[Exercise prompt] Set down exact lines only, from the line with "IGEA announces the" through the last line of the material below, with every picture left out.

[Collected data]
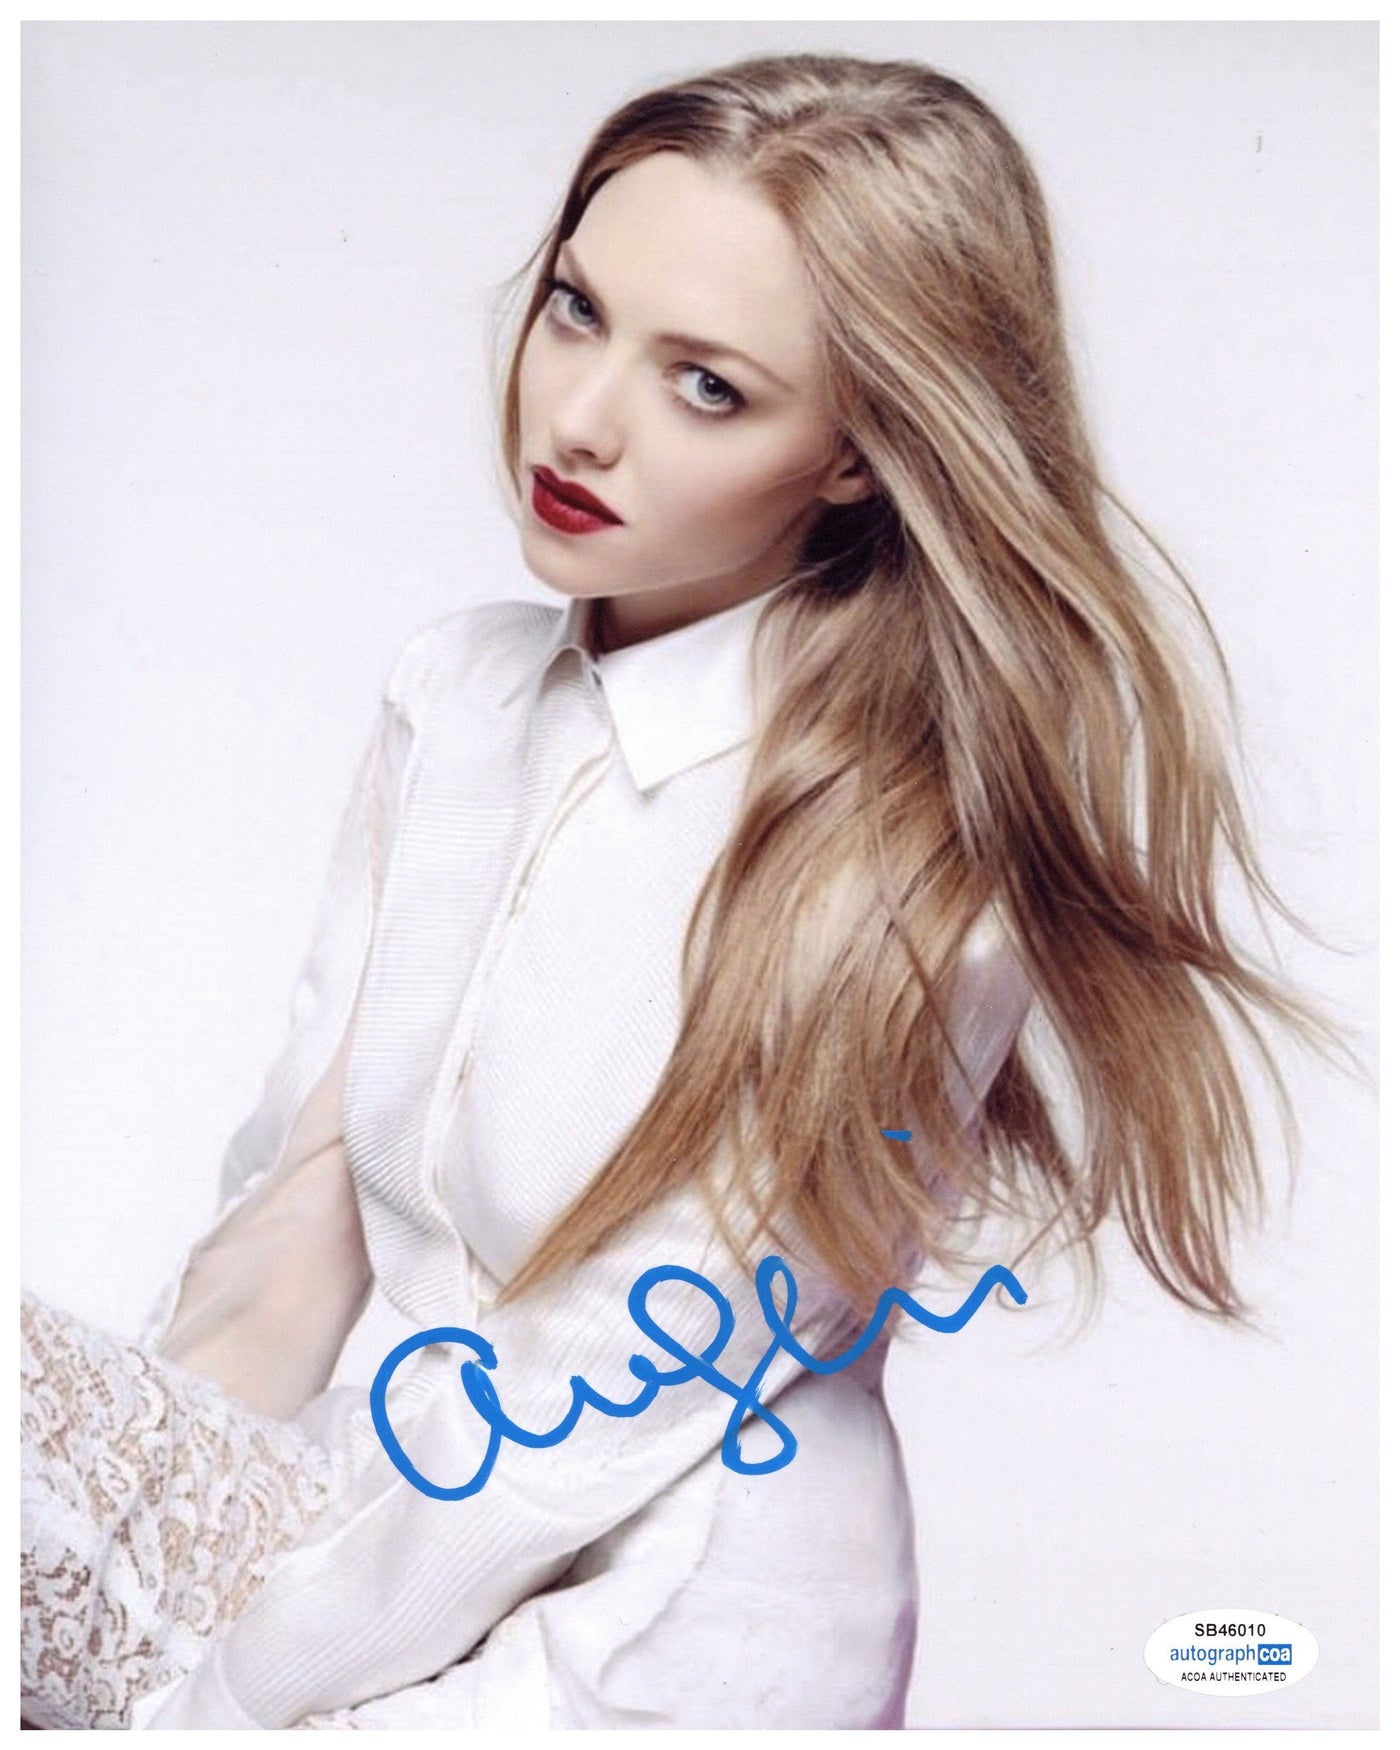 Amanda Seyfried Signed 8x10 Photo Mean Girls Autographed AutographCOA #1
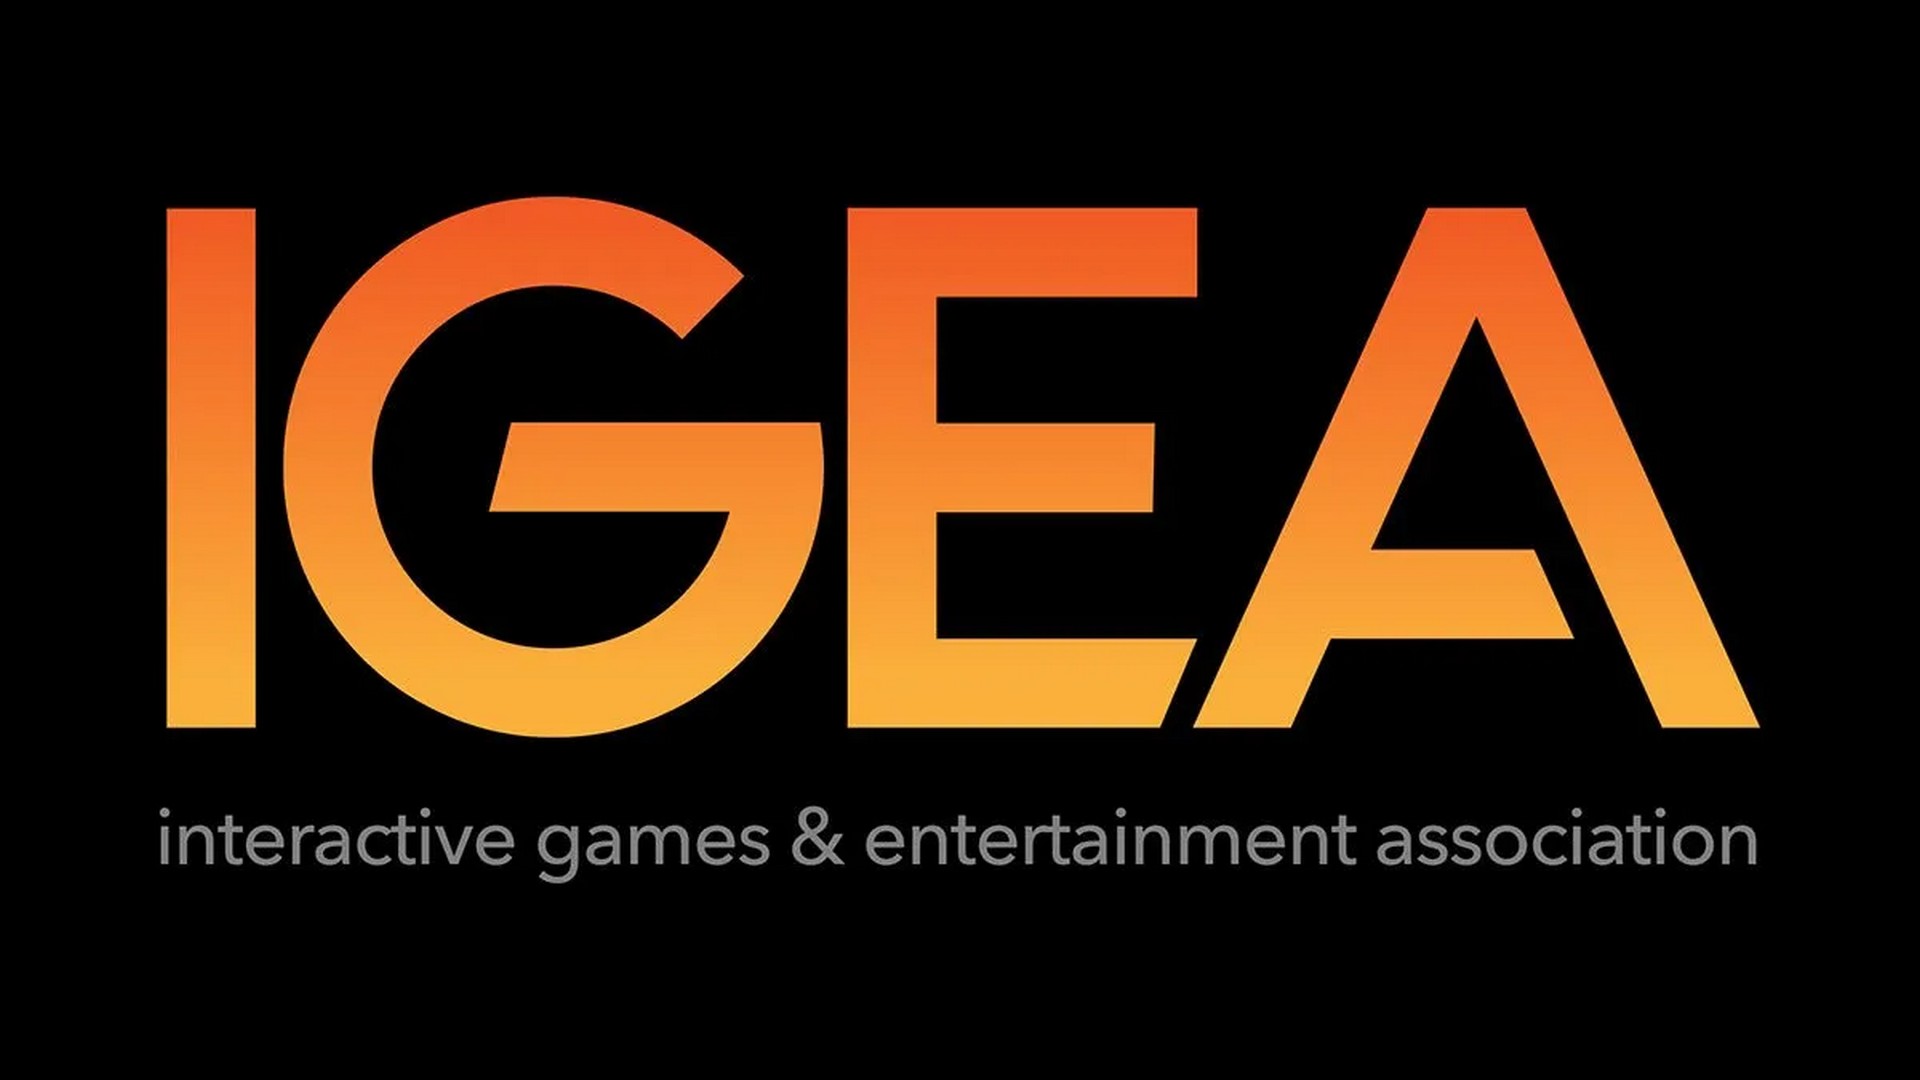 IGEA announces the winners of the 2022 Australian Game Developer Awards -  IGEA
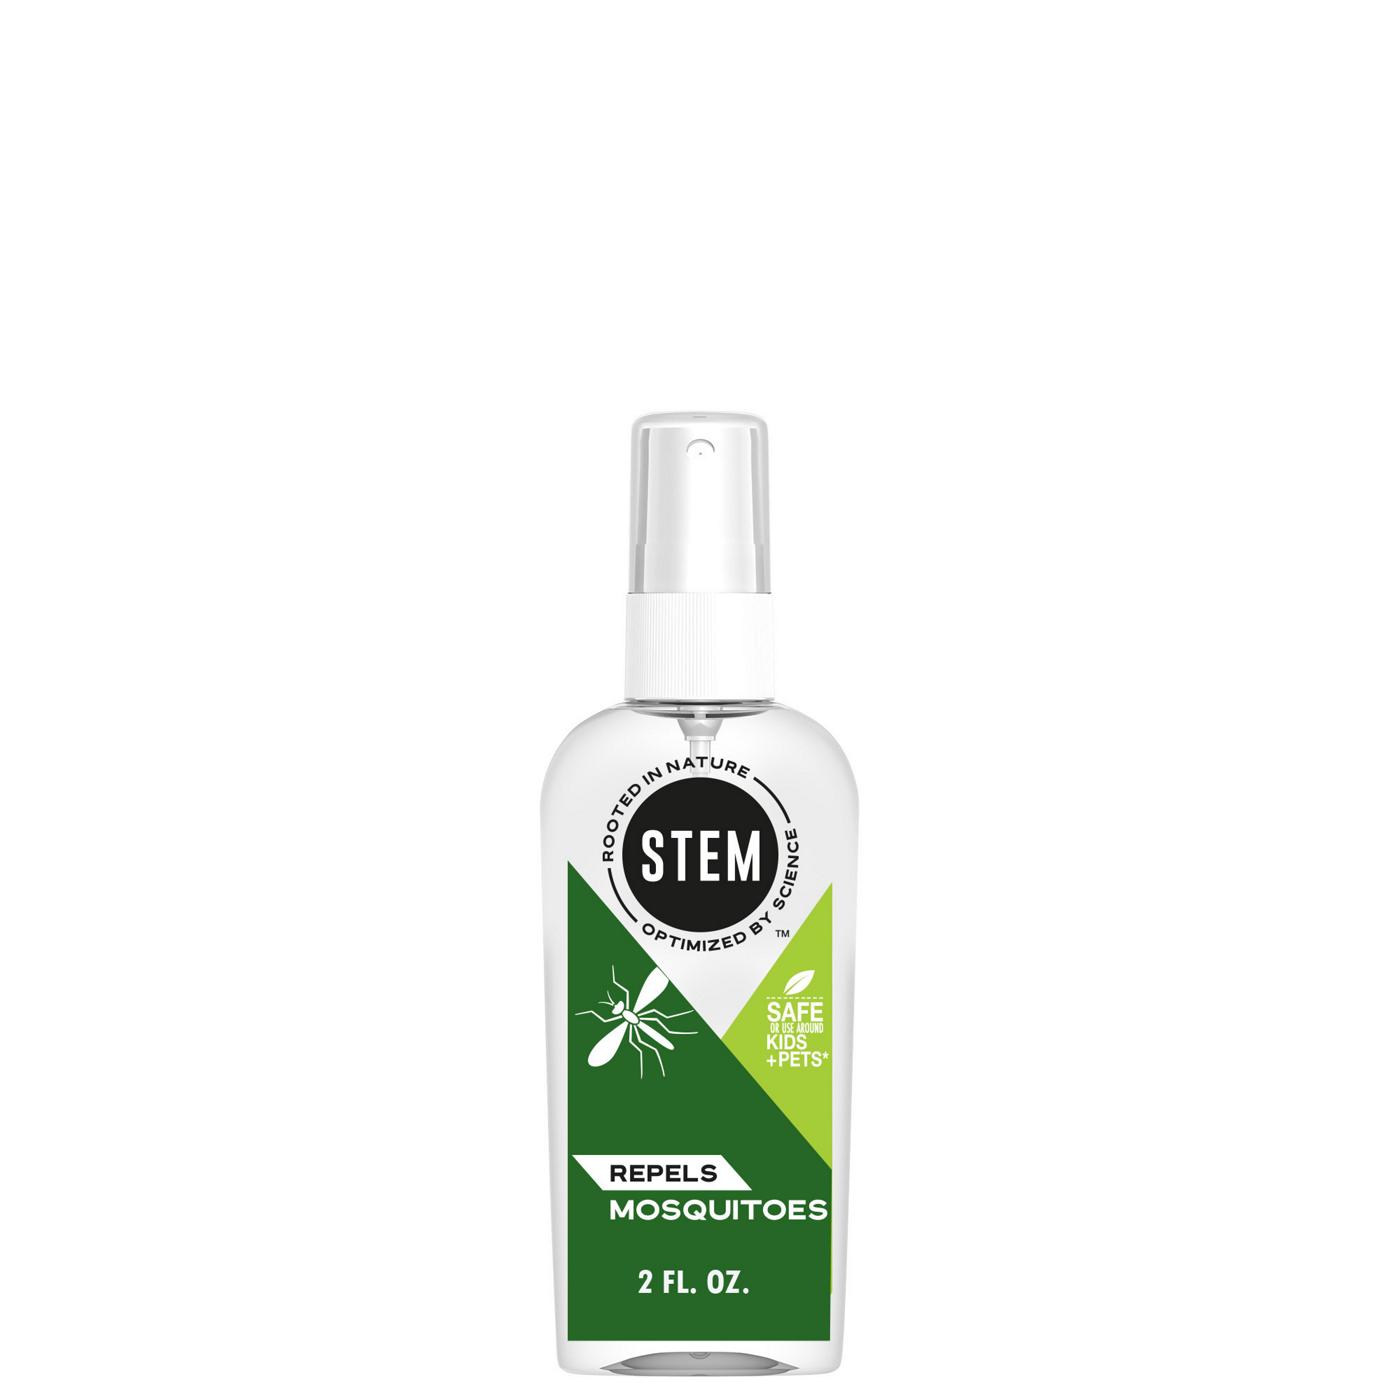 Stem Mosquito Repellent Spray - Shop Insect Repellant at H-E-B
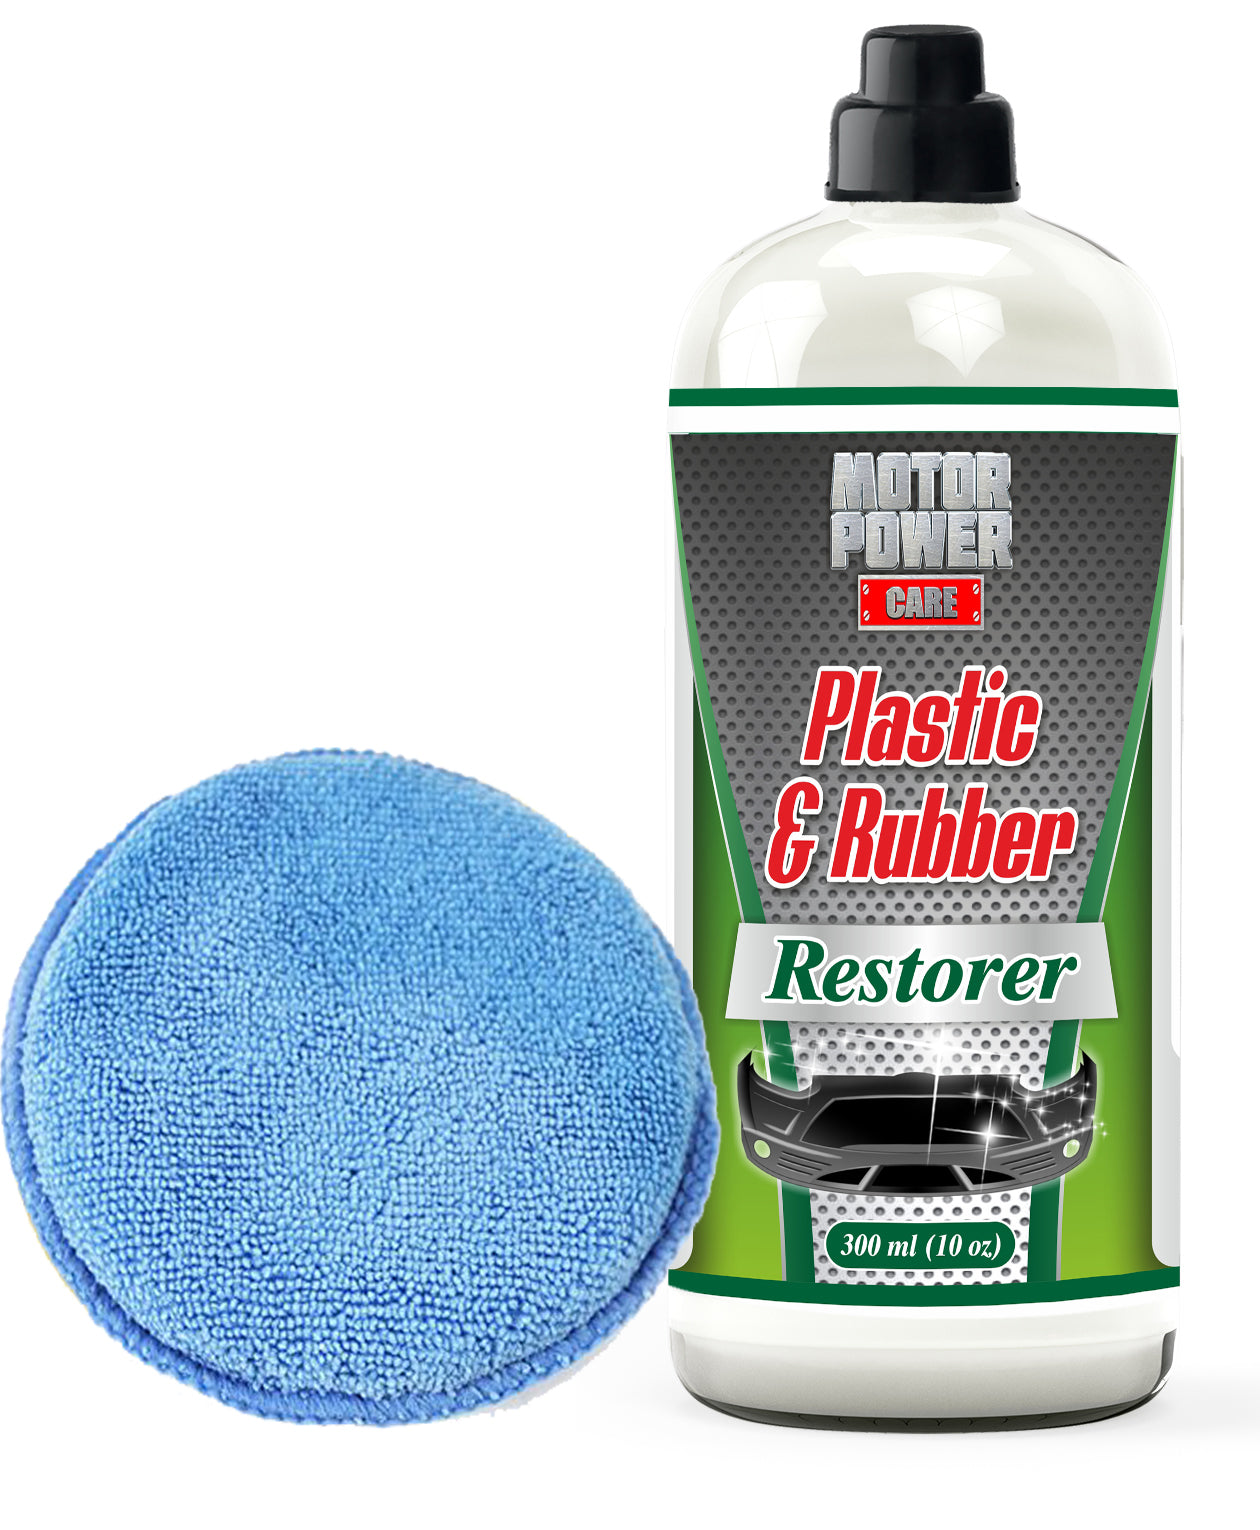 Restore Faded Plastic, Plastic Restorer

[Answer box]
 IGEA announces the winners of the 2022 Australian Game Developer Awards -  IGEA
 Stem Mosquito Repellent Spray - Shop Insect Repellant at H-E-B
 Restore Faded Plastic, Plastic Restorer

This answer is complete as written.